Moreover, complainant failed to present any concrete proof of the other
charges. The commissioner recommended that respondent be suspended from
the practice of law for two (2) months. Upon review, the IBP Board of Governors
disregarded the recommendation of the commissioner and dismissed the
complaint. The Board of Governors ratiocinated that suspension was not
warranted since respondent did not really perform an illegal act. The act was not
illegal per se since the lease agreement was likely made to reflect the
agreement among the parties without considering the legality of the situation.
While admittedly respondent may be guilty of ignorance of the law or plain
negligence, the Board dismissed the complaint out of compassion.

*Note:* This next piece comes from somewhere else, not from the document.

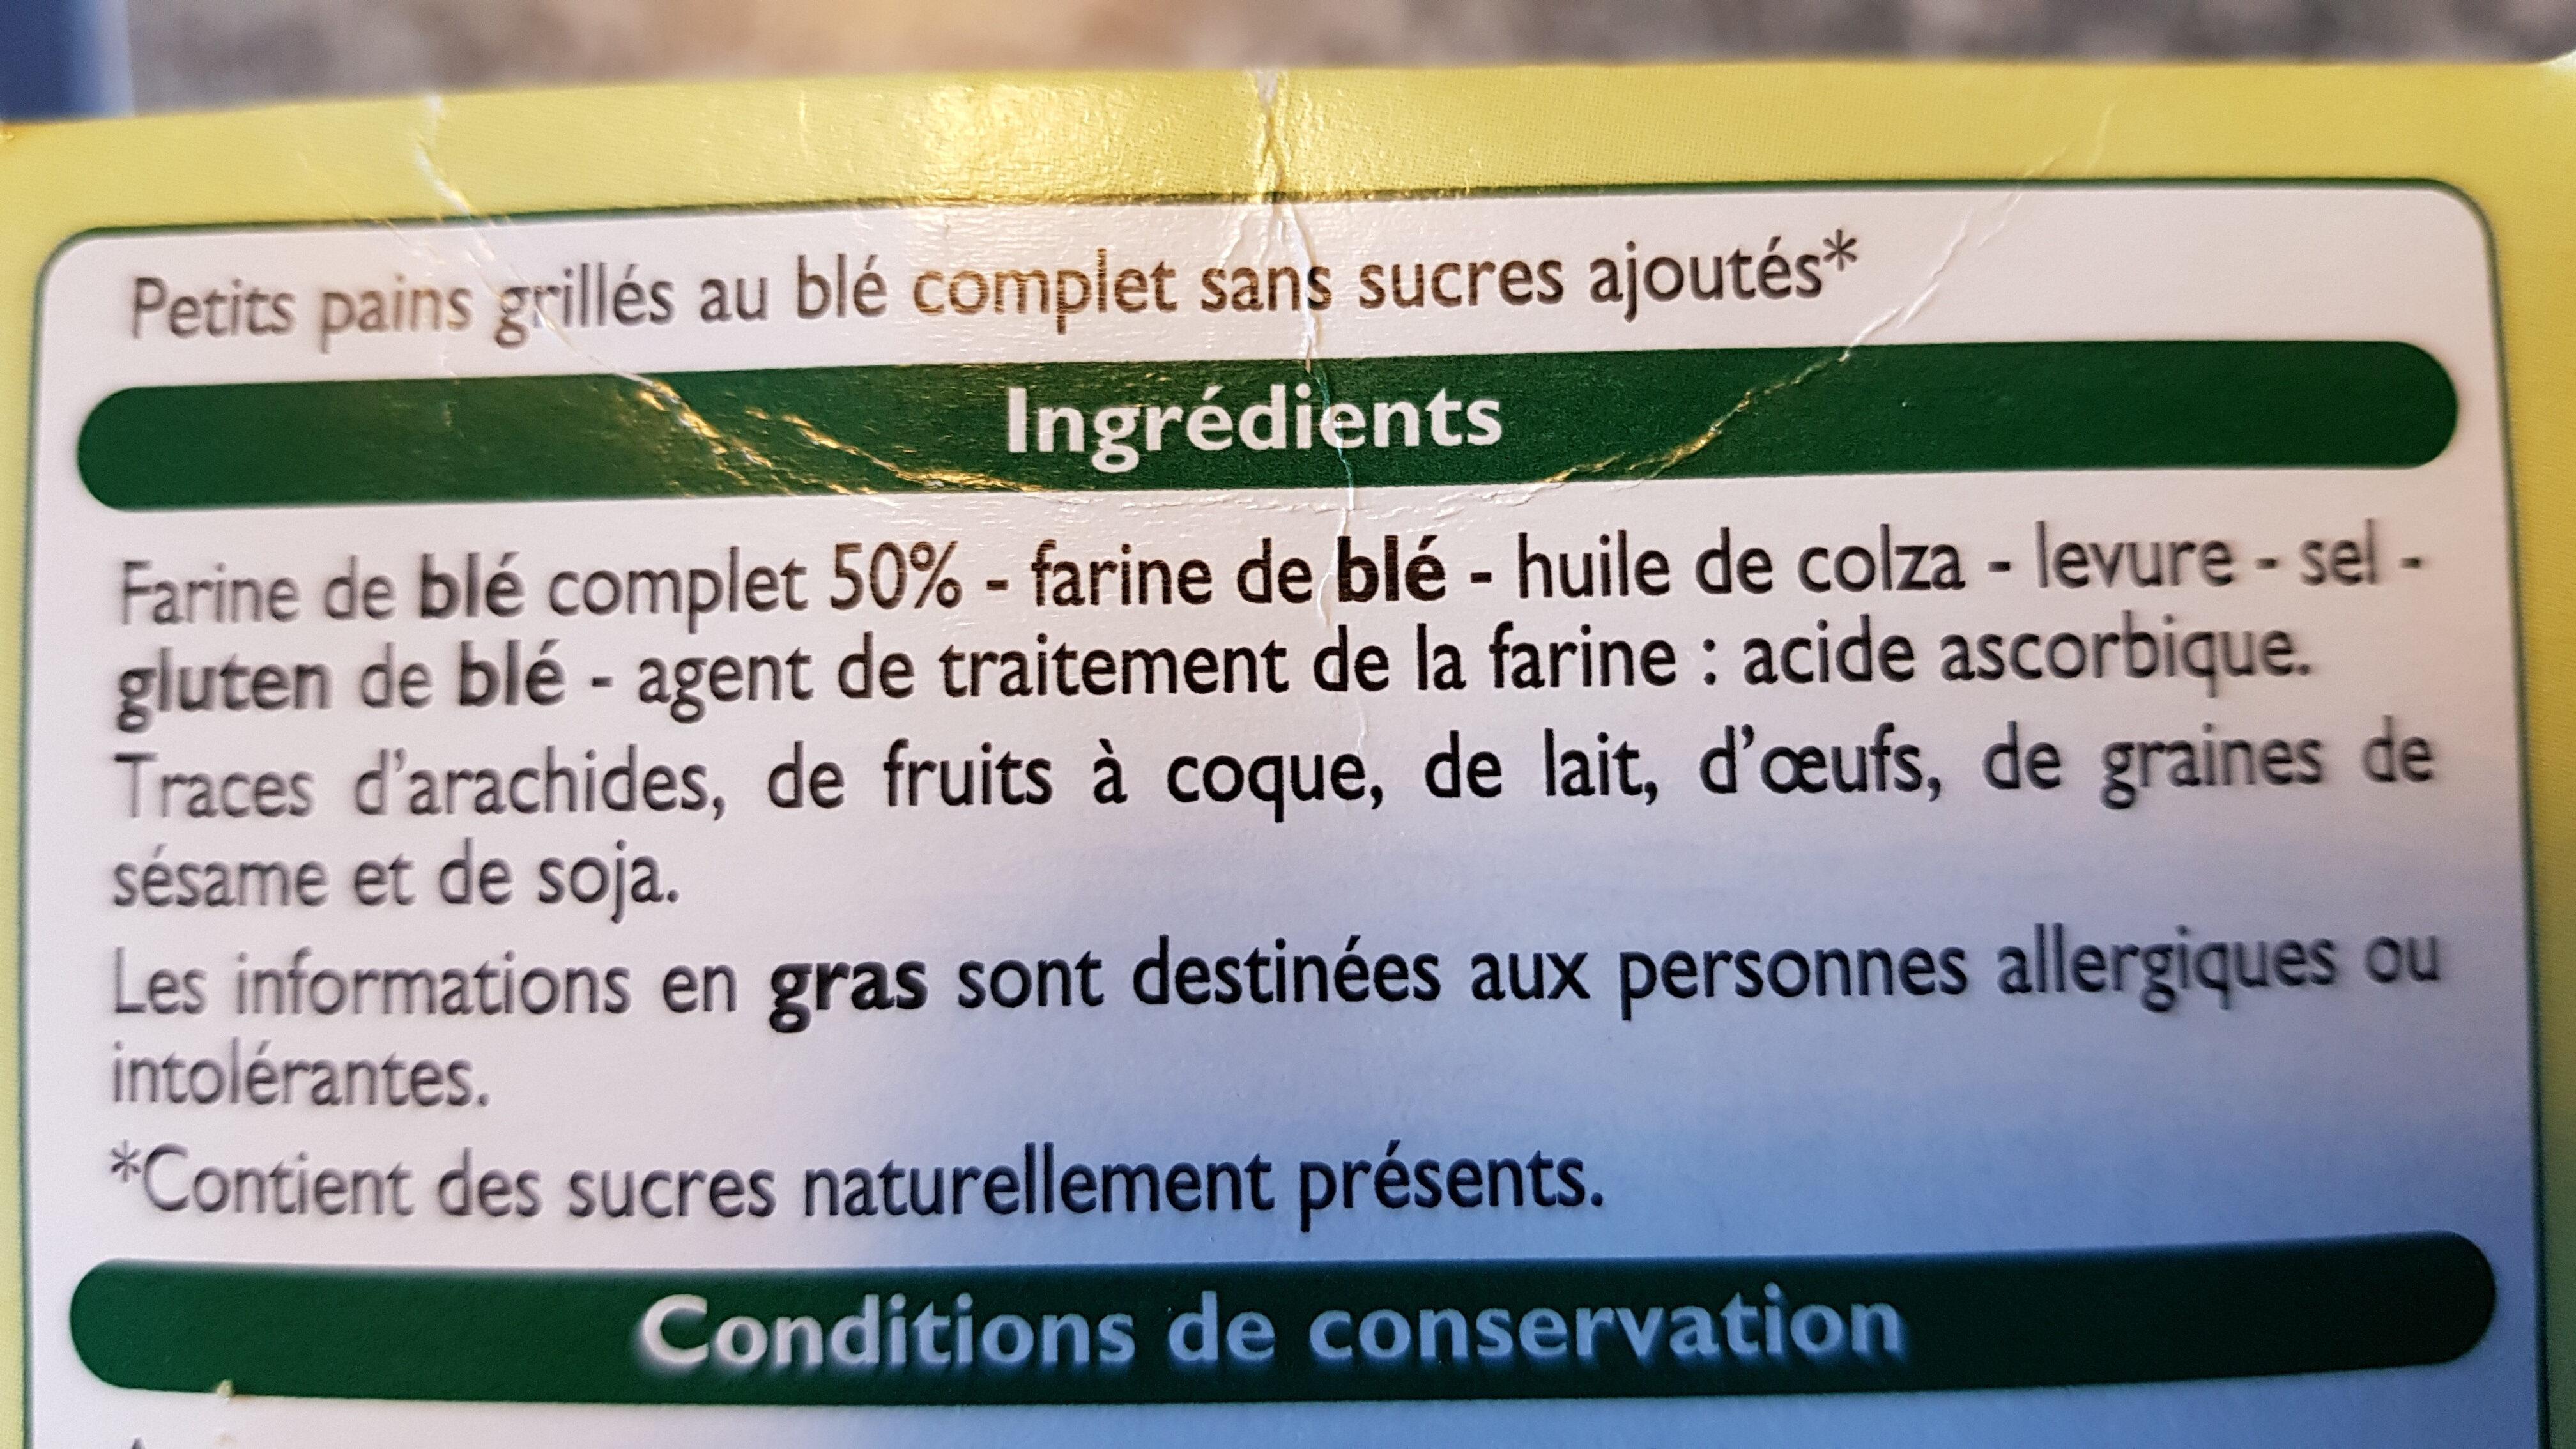 petits pains grillés au blé complet sans sucres ajoutés - Ingrediënten - fr

Issue: Whether the Lawyerʼs committed a violation of this oath and the Code of
Professional Responsibility?
Held: Yes, the court stressed that much is demanded from those who engage in
the practice of law because they have a duty not only to their clients, but also to
the court, to the bar, and to the public. The lawyerʼs diligence and dedication to
his work and profession ideally should not only promote the interests of his
clients. A lawyer has the duty to attain the ends of justice by maintaining respect
for the legal profession. The administrative cases against lawyers are sui
generes and as such the complainant in the case need not be the aggrieved
party. Thus even if complainant is not a party to the contracts, the charge of
drafting and notarizing contracts in contravention of law holds weight. A plain
reading of these contracts clearly shows that they violate the law limiting lease
of private lands to aliens for a period of twenty five (25) years renewable for
another twenty five (25) years. In preparing and notarizing the illegal lease
contracts, respondent violated the Attorneyʼs Oath and several canons of the
Code of Professional Responsibility. One of the foremost sworn duties of an
attorney-at-law is to “obey the laws of the Philippines.” This duty is enshrined in
the Attorneyʼs Oath16 and in Canon 1, which provides that “(a) lawyer shall
uphold the constitution, obey the laws of the land and promote respect for law
and legal processes.” Rule 1.02 under Canon 1 states: “A lawyer shall not
counsel or abet activities aimed at defiance of the law or at decreasing
confidence in the legal systems.”
The other canons of professional responsibility which respondent transgressed
are the following:
Canon 15 – a lawyer shall observe candor, fairness and loyalty in all his dealings
and transactions with his clients.
Rule 15.07- a lawyer shall impress upon his client compliance with the laws and
the principles of hairness.
Canon 17 – a lawyer owes fidelity to the cause of his client and he shall be
mindful of the trust and confidence reposed in him.